2013 OnlineControlledExperimentsatLa

(Kohavi et al., 2013) ⇒ Ron Kohavi, Alex Deng, Brian Frasca, Toby Walker, Ya Xu, and Nils Pohlmann. (2013). “Online Controlled Experiments at Large Scale.” In: Proceedings of the 19th ACM SIGKDD International Conference on Knowledge Discovery and Data Mining. ISBN:978-1-4503-2174-7 doi:10.1145/2487575.2488217

Subject Headings:

Notes

Cited By

Quotes

Author Keywords

A/b testing; controlled experiments; experimental design; randomized experiments

Abstract

Web-facing companies, including Amazon, eBay, Etsy, Facebook, Google, Groupon, Intuit, LinkedIn, Microsoft, Netflix, Shop Direct, StumbleUpon, Yahoo, and Zynga use online controlled experiments to guide product development and accelerate innovation. At Microsoft's Bing, the use of controlled experiments has grown exponentially over time, with over 200 concurrent experiments now running on any given day. Running experiments at large scale requires addressing multiple challenges in three areas: cultural / organizational, engineering, and trustworthiness. On the cultural and organizational front, the larger organization needs to learn the reasons for running controlled experiments and the tradeoffs between controlled experiments and other methods of evaluating ideas. We discuss why negative experiments, which degrade the user experience short term, should be run, given the learning value and long-term benefits. On the engineering side, we architected a highly scalable system, able to handle data at massive scale: hundreds of concurrent experiments, each containing millions of users. Classical testing and debugging techniques no longer apply when there are billions of live variants of the site, so alerts are used to identify issues rather than relying on heavy up-front testing. On the trustworthiness front, we have a high occurrence of false positives that we address, and we alert experimenters to statistical interactions between experiments. The Bing Experimentation System is credited with having accelerated innovation and increased annual revenues by hundreds of millions of dollars, by allowing us to find and focus on key ideas evaluated through thousands of controlled experiments. A 1% improvement to revenue equals more than $10M annually in the US, yet many ideas impact key metrics by 1% and are not well estimated a-priori. The system has also identified many negative features that we avoided deploying, despite key stakeholders' early excitement, saving us similar large amounts.

Introduction

Many web-facing companies use online controlled experiment s to guide product development and prioritize ideas, including Amazon [1], eBay, Etsy [2], Facebook, Google [3], Groupon, Intuit [4], LinkedIn, Microsoft [5], Netflix [6], Shop Direct [7], StumbleUpon [8], Yahoo, and Zynga [9]. Controlled experiments are especially useful in combination with agile development, Steve Blank’s Customer Development process [10], and MVPs (Minimum Viable Products) popularized by Eric Ries’s Lean Startup [11]. In a “Lean Startup " approach, “businesses rely on validated learning, scientific experimentation, and iterative product releases to shorten product development cycles, measure progress, and gain valuable customer feedback” [12].
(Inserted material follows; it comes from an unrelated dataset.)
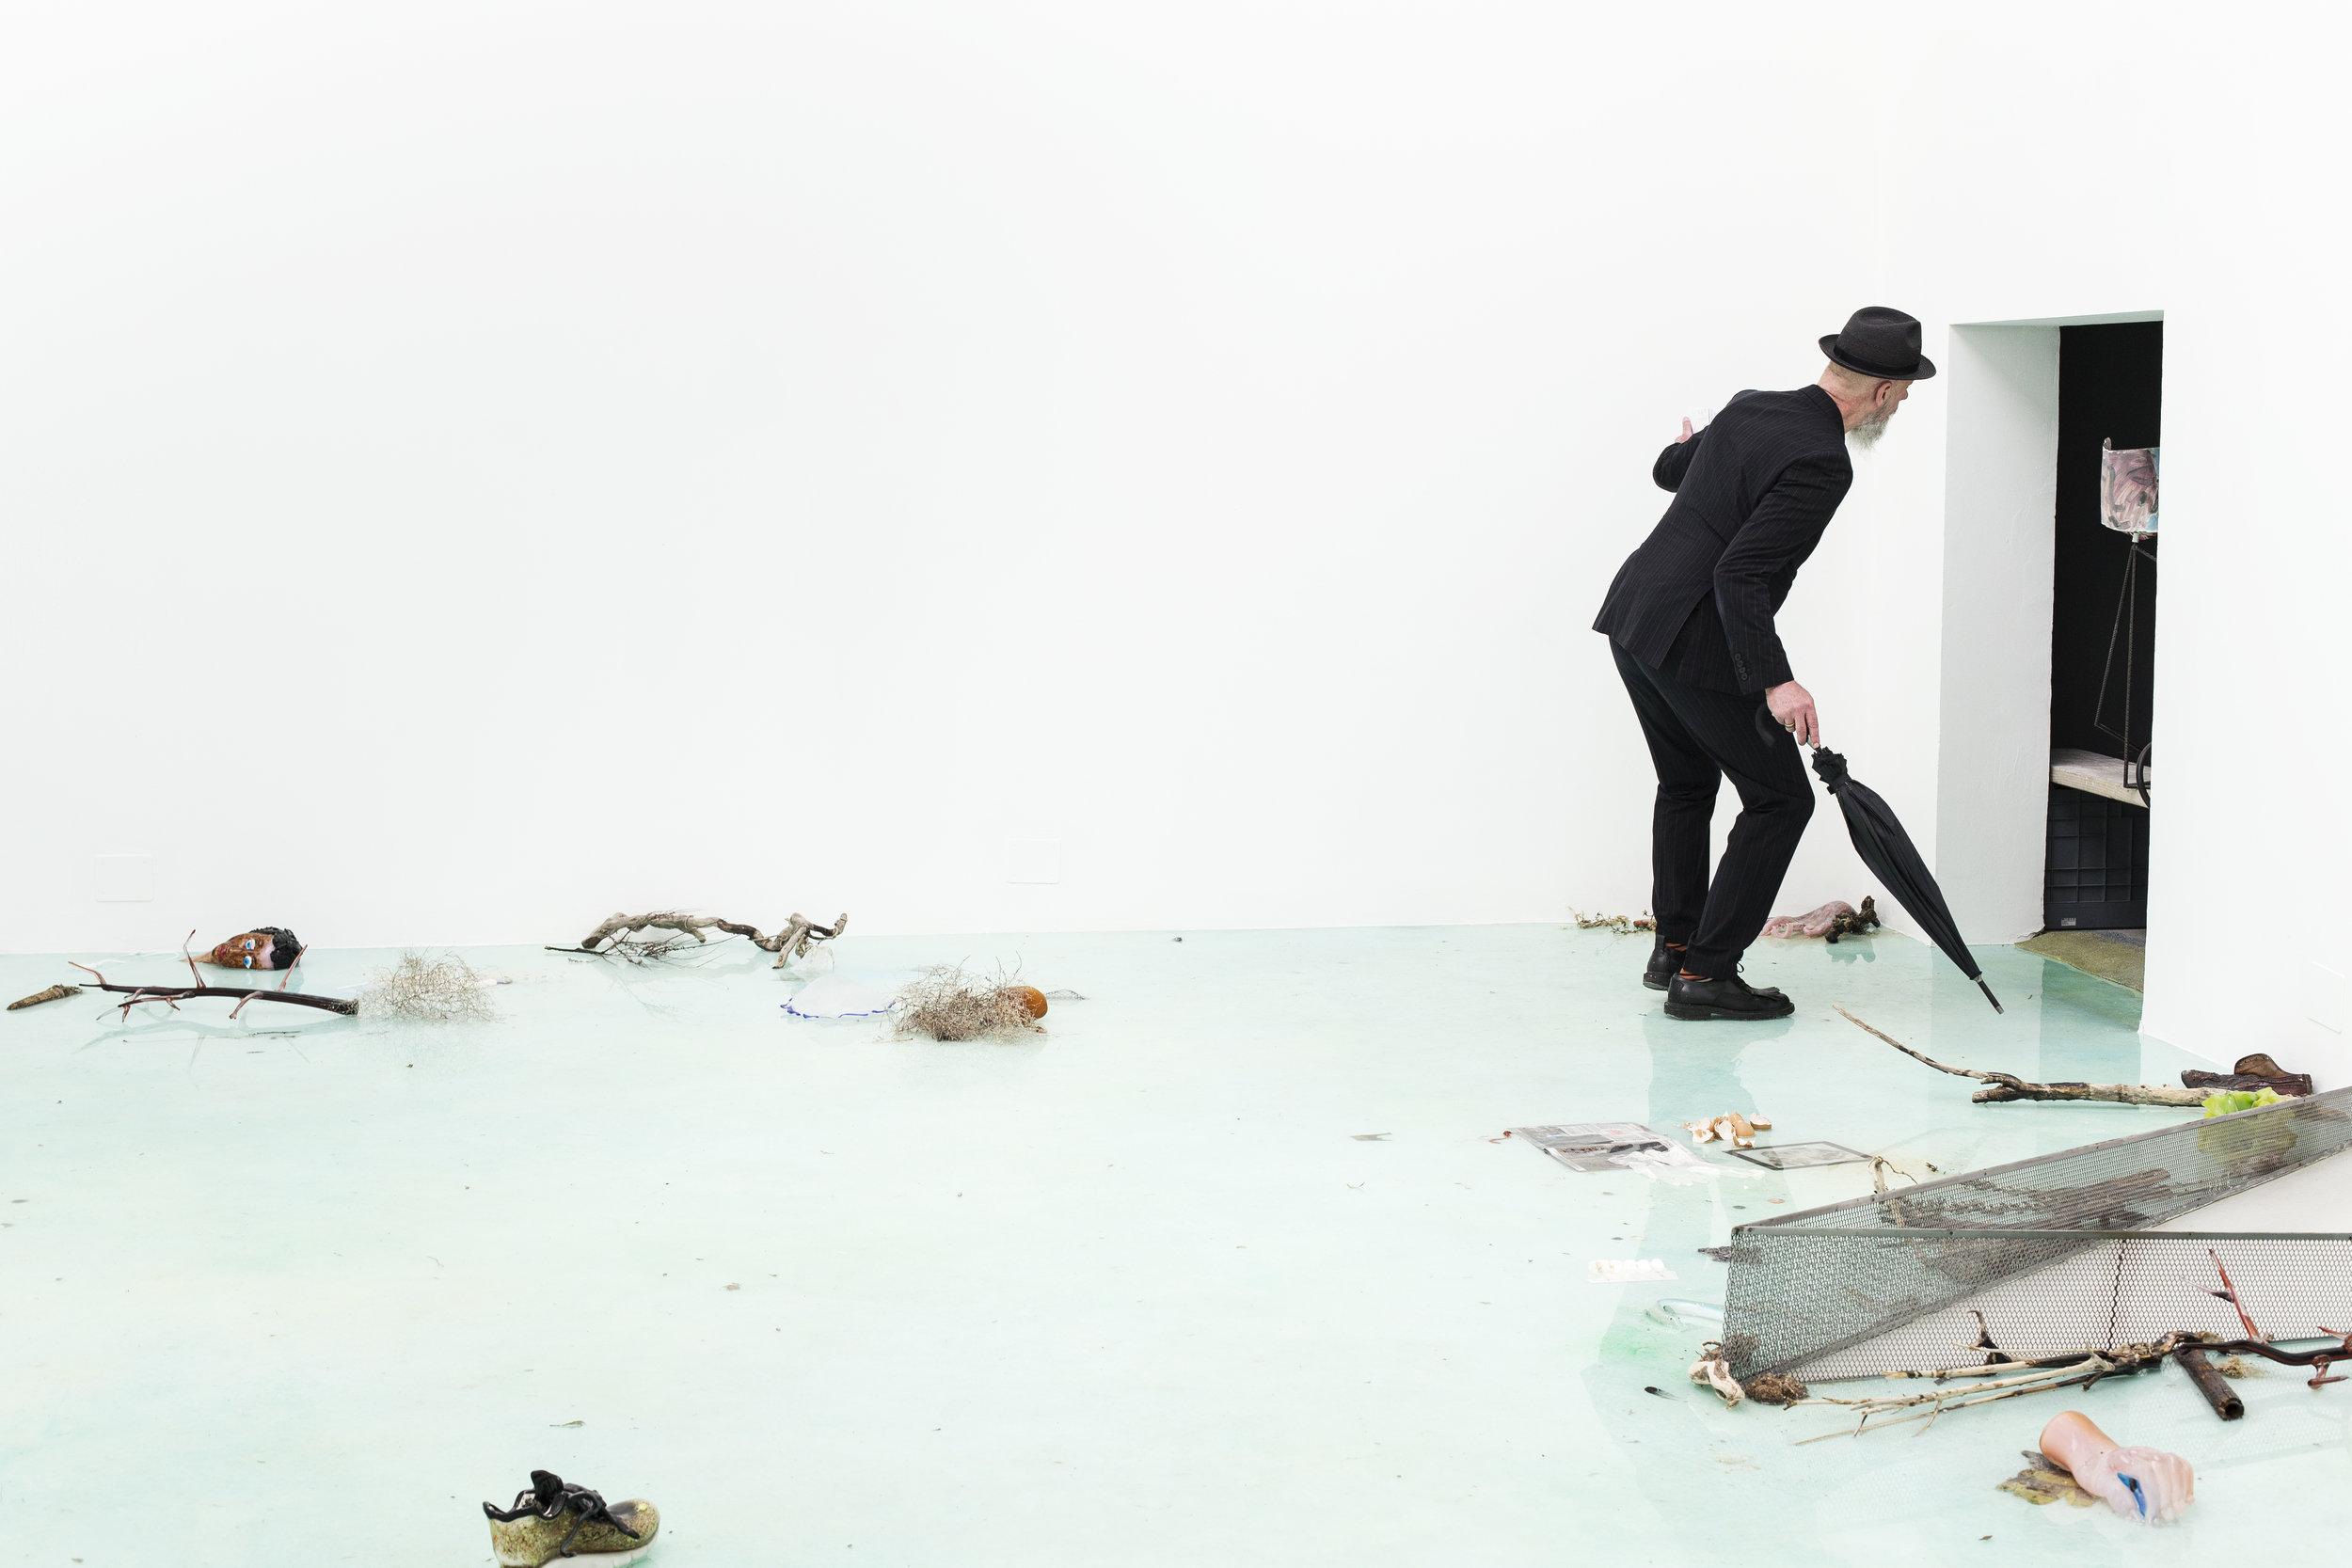 Deep Sea Blue Surrounding You  (2019) by Laure Prouvost. Photo by Francesco Galli. Courtesy the artist, La Biennale di Venezia.

Large scale can have multiple dimensions, including the number of users and the number of experiments. We are dealing with Big Data and must scale on both dimensions: each experiment typically exposes several million users to a treatment, and over 200 experiments are running concurrently. While running online controlled experiment s requires a sufficient number of users, teams working on products with thousands to tens of thousands of users (our general guidance is at least thousands of active users) are typically looking for larger effects, which are easier to detect than the small effects that large sites worry about. For example, to increase the experiment sensitivity (detectable effect size) by a factor of 10, say from 5% delta to 0.5%, you need 102=100 times more users. Controlled experiments thus naturally scale from small startups to the largest of web sites. Our focus in this paper is on scaling the number of experiments: how can organizations evaluate more hypotheses, increasing the velocity of validated learnings [11], per time unit.

We share our experiences, how we addressed challenges, and key lessons from having run thousands of online controlled experiment s at Bing, part of Microsoft’s Online Services Division. Microsoft’s different divisions use different development methodologies. Office and Windows follow Sinofsky’s long planning and execution cycles [13]. Bing has thousands of developers, program managers, and testers, using online controlled experiment s heavily to prioritize ideas and decide which changes to ship to all users. Bing’s Experimentation System is one of the largest in the world, and pushes the envelope on multiple axes, including culture, engineering, and trustworthiness. In the US alone, it distributes traffic from about 100 million monthly users executing over 3.2B queries a month [14] to over 200 experiments running concurrently. Almost every user is in some experiment: 90% of users eligible for experimentation (e.g., browser supports cookies) are each rotated into over 15 concurrent experiments, while 10% are put into a holdout group to assess the overall impact of the Experimentation System and to help with alerting.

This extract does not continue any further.